Data segment:
"""
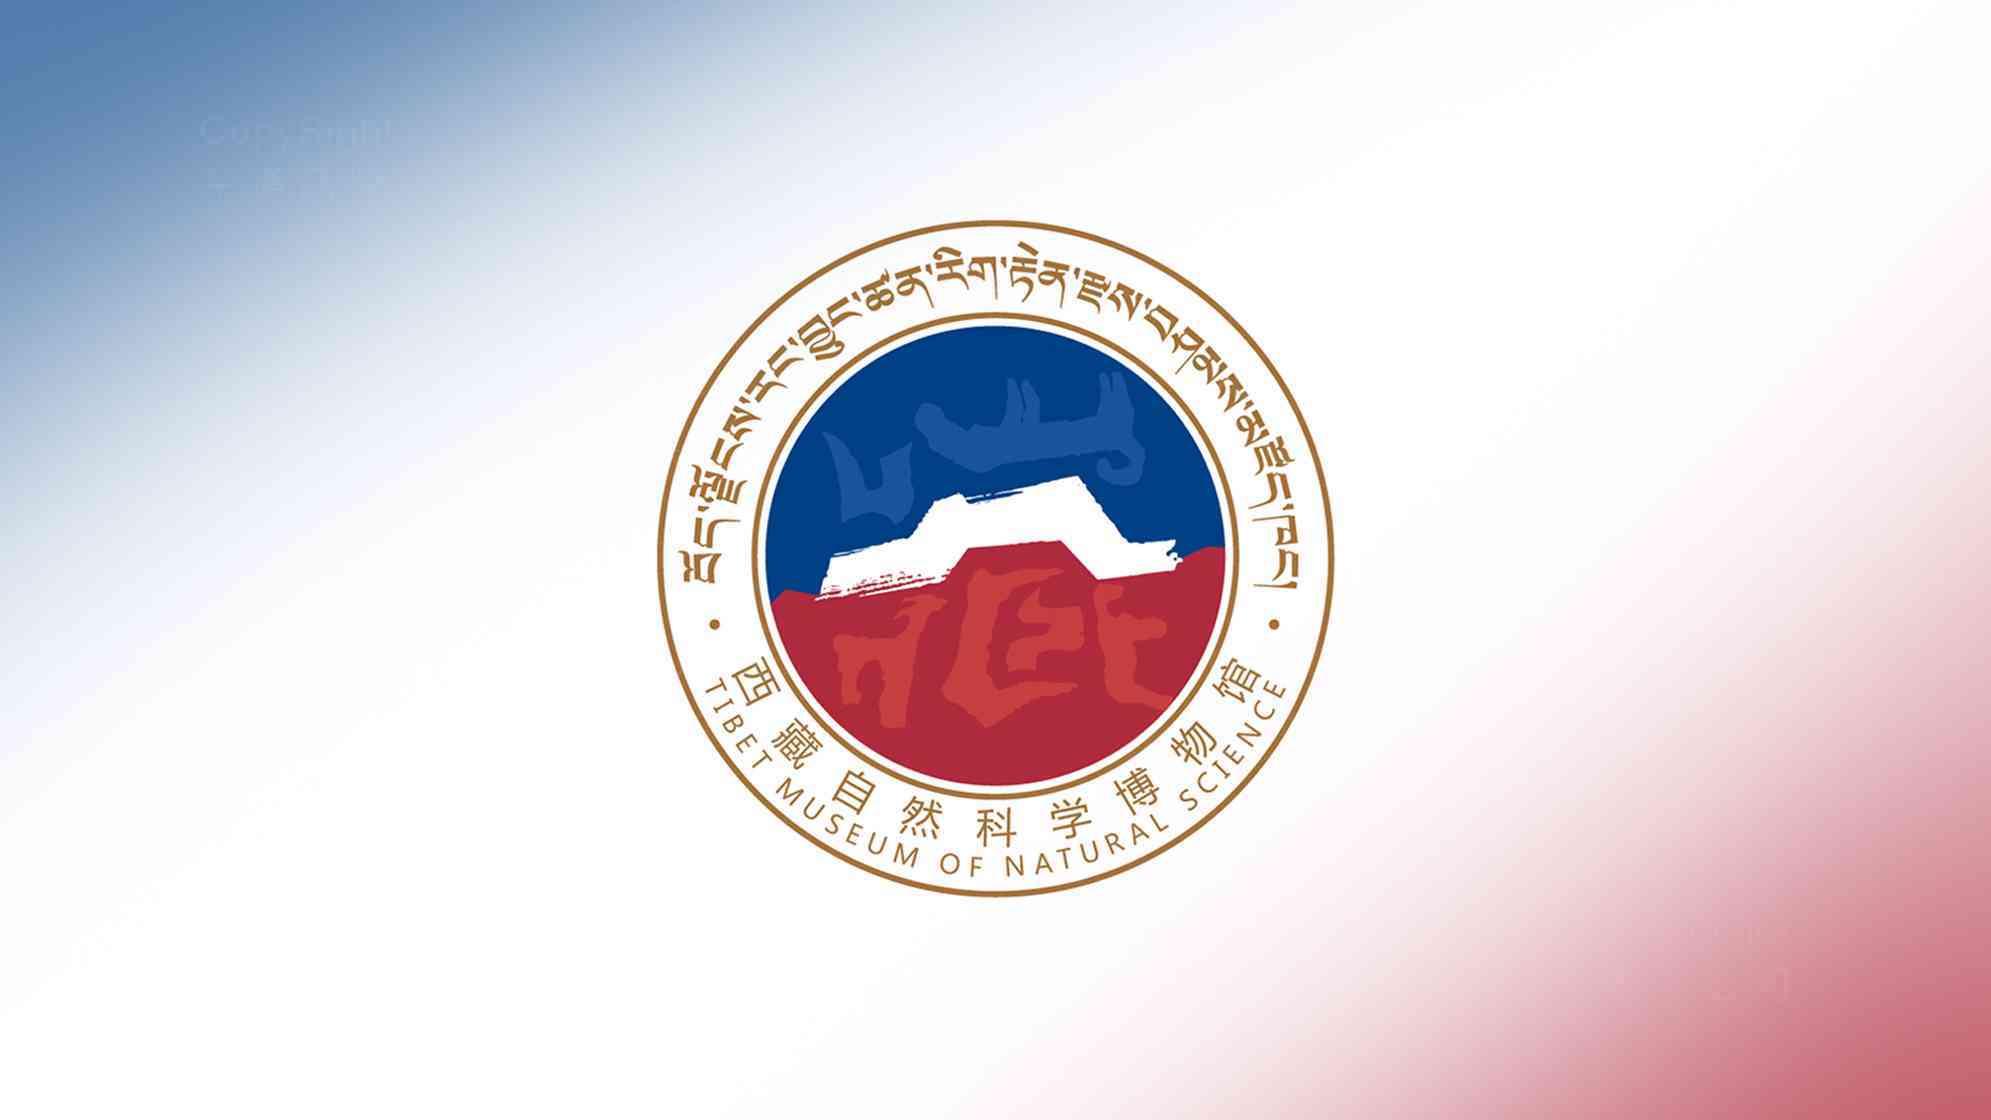 品牌设计案例西藏自然科学博物馆LOGO设计
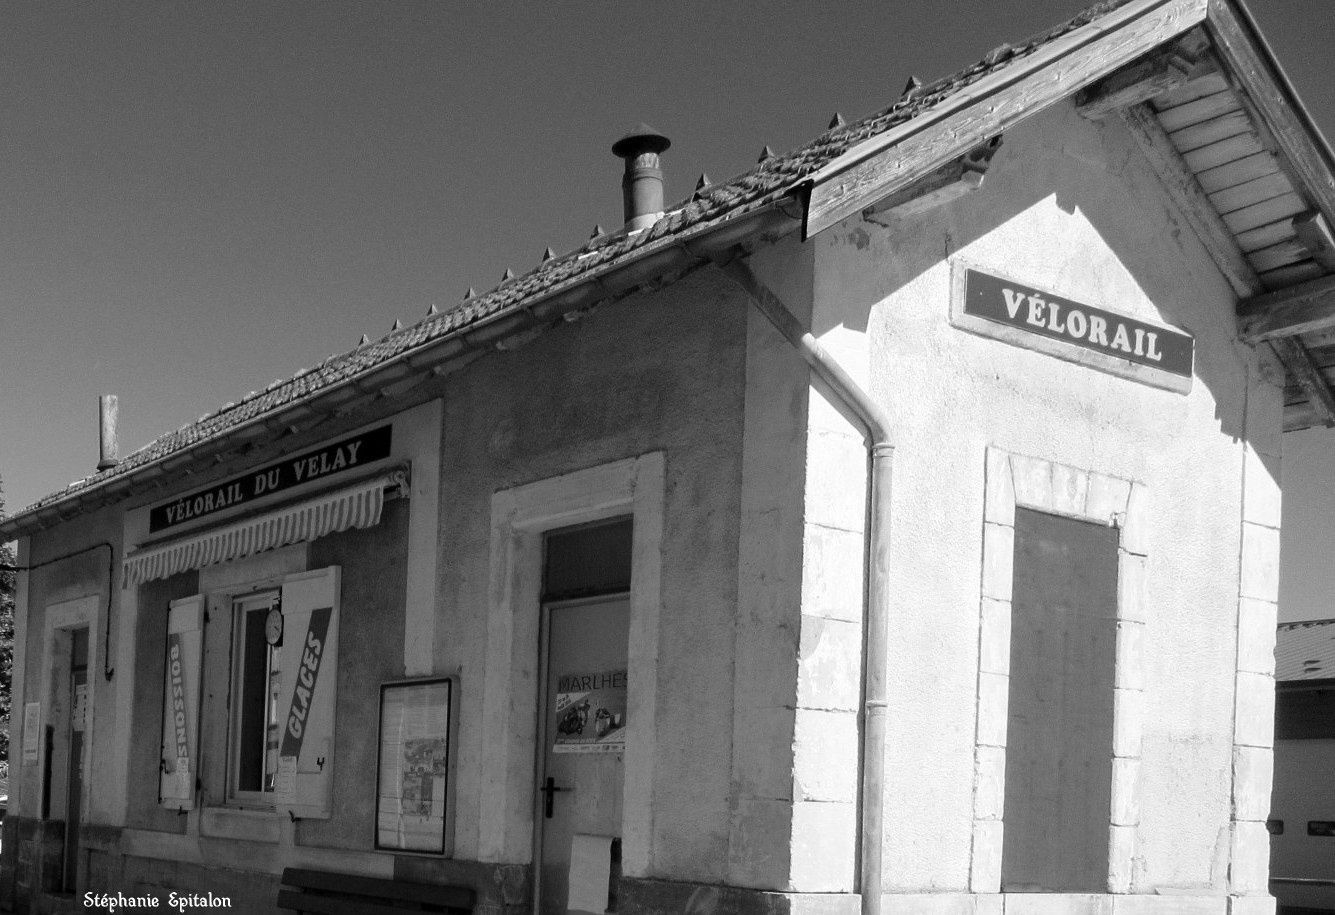 Vélorail à Dunières  (La Gare, 43220 Dunières)
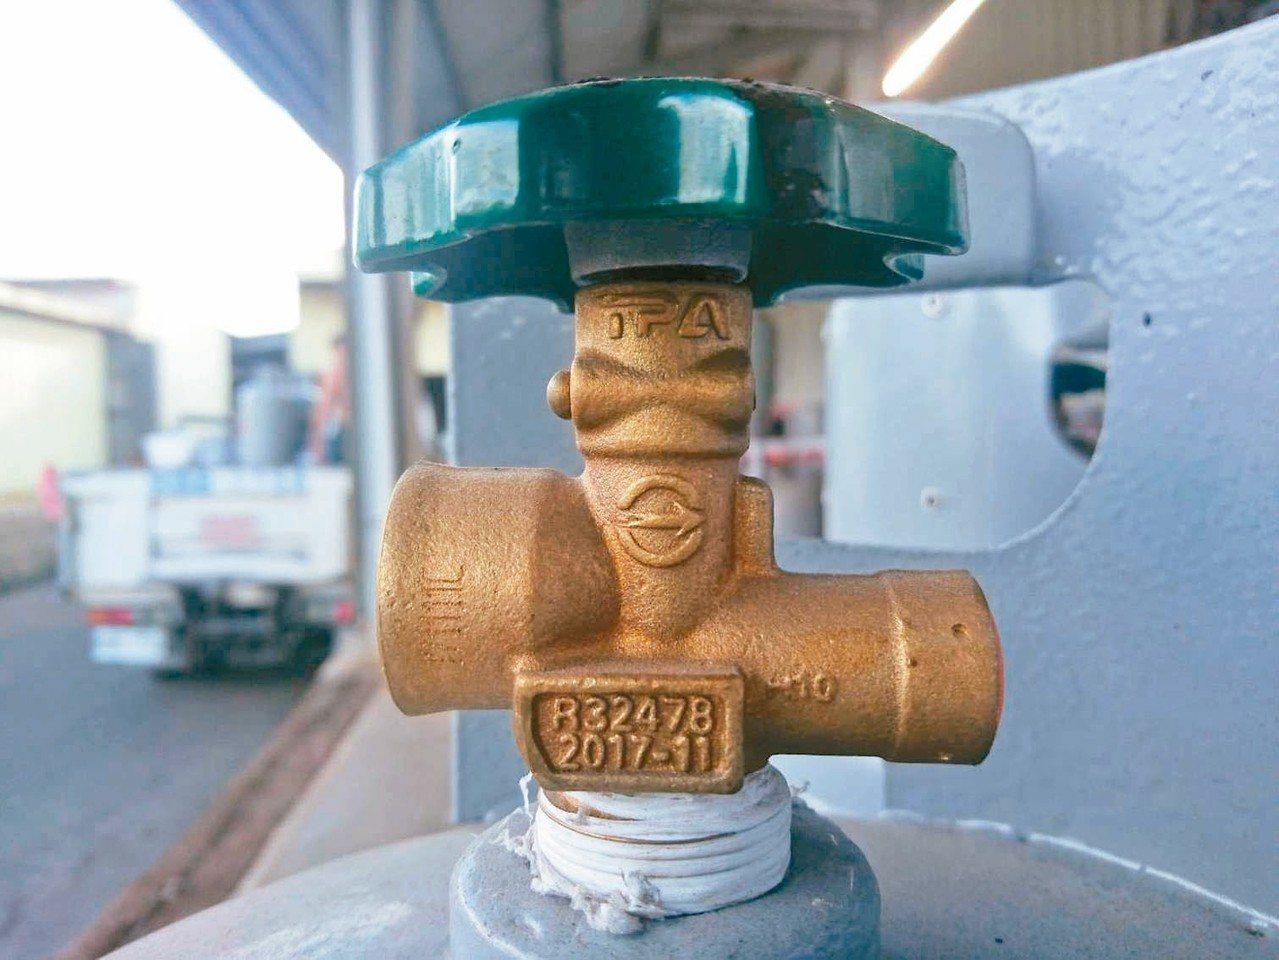 民眾應檢視開關上的製造編號是否為問題鋼瓶。 記者羅建旺/攝影
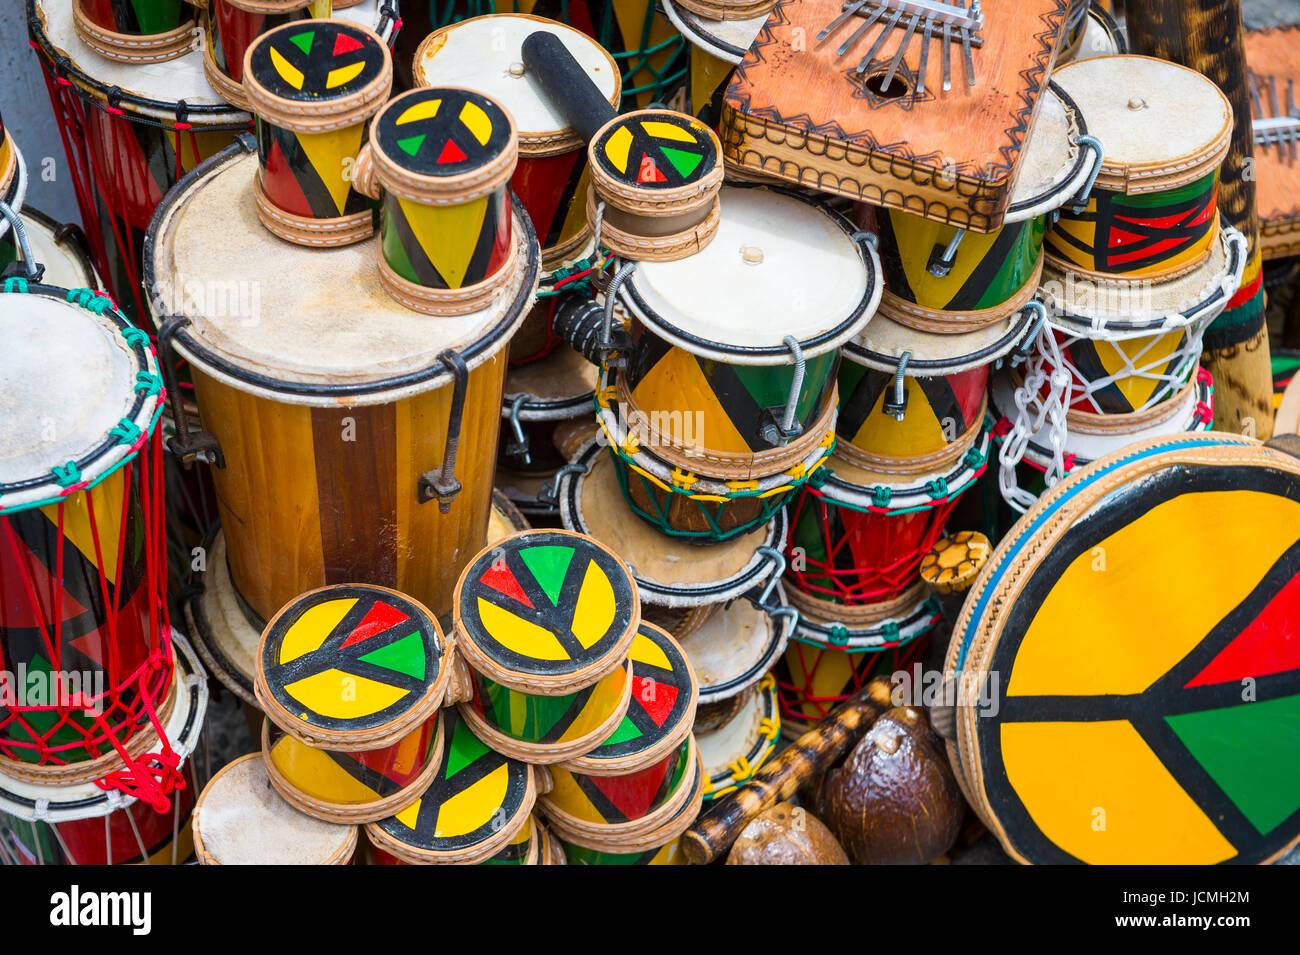 Tamburi di afro-brasiliana e strumenti musicali impilati nello storico quartiere turistico di Pelourinho, Salvador, Immagini Stock
"""
Action item:
Transcribe all data precisely. Pictures are not copied.

Reply:
 品牌设计案例西藏自然科学博物馆LOGO设计
 Vélorail à Dunières  (La Gare, 43220 Dunières)
 民眾應檢視開關上的製造編號是否為問題鋼瓶。 記者羅建旺/攝影
 Tamburi di afro-brasiliana e strumenti musicali impilati nello storico quartiere turistico di Pelourinho, Salvador, Immagini Stock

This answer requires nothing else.